Just over a year ago, beer maker AB InBev announced its plan to achieve “net zero” emissions by 2040.
By 2025, the company aims to source all of its purchased electricity from renewable sources and reduce Scopes 1 and 2 emissions by 35%. It also plans to reduce emissions “across the value chain” by 25%.
AB InBev noted the following progress in its latest ESG report:
- 28.63% reduction in Scopes 1 and 2 GHG emissions vs. 2017 baseline
- 13.58% reduction in Scopes 1, 2 and 3 GHG emissions vs. 2017 baseline
- 39.9% renewable electricity operational
- 81.4% renewable electricity contracted
- Absolute emissions “increased as purchases and distribution reactivated amidst economic recovery from the pandemic.” Packaging and cooling were the main drivers for this.
- Agriculture accounts for 12.5% of AB InBev’s emissions.
Like other agrifood corporates with sustainability commitments, regenerative agriculture is an important tool for reaching net zero.

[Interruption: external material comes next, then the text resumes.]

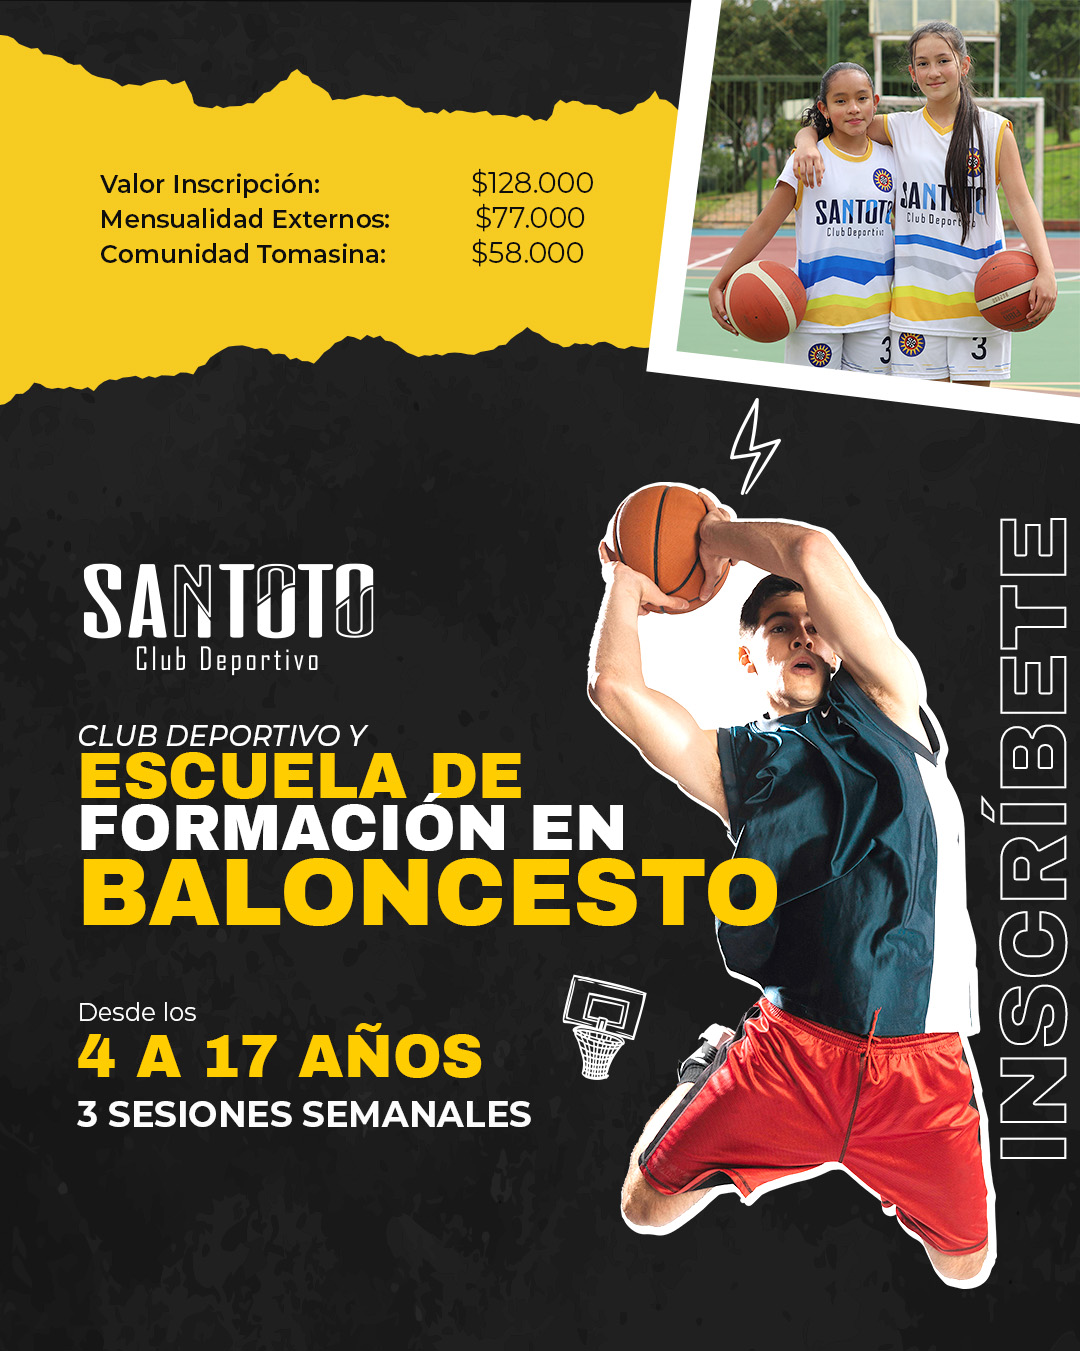 Baloncesto_Club_Deportivo_Santoto_2

And while its critical to corporate net zero strategies, Nicholas Mylet, global manager of sustainability at AB InBev, tells AFN that regenerative ag is about so much more than reducing emissions. “For AB InBev, the benefits of water availability, water quality and biodiversity are just as important.”
“What’s great about a net zero ambition is that it’s longer term and sets a Northstar,” he adds. “But we also need ambitious short-term goals to address what’s relevant to the value chain today.”
Many of those goals are part of the company’s regen ag initiatives, which AB InBev has been conducting for the last several years with the farmers that grow the barley for its beers.
Defining ‘regenerative agriculture’
“Across the diversity of our sourcing regions, there’s not a single set of practices to improve soil health,” says Mylet. “We developed an approach that could reflect that complexity.”
AB InBev works with more than 20,000 growers across 13 countries to produce malt-barley for its beers. Different geographic regions present different challenges when it comes to transitioning these growers to regen ag practices.
Mylet offers a few examples of this diversity of challenges. In South Africa for example, there might be the need to maximize water holding capacity in the soil as a result of years of drought or unexpected weather patterns.
In North Dakota, or in Altiplano, Mexico, soil erosion might be the biggest challenge. In more tropical areas, there could be incidence of fungal matter that affects the quality of the raw materials.
Towards healthier soils
AB InBev highlights these challenges in its framework for soil health, developed in partnership with the Nature Conservancy: “AB InBev recognizes there is no “one-size-fits-all” approach to improving soil health across the wide range of soil conditions, technical capacities, and external pressures that define the realities of farmers around the globe.”
The framework is a way to address that variety of challenges. It includes the five principles of soil health as well as a range of practices within those principles the company can match with different regions.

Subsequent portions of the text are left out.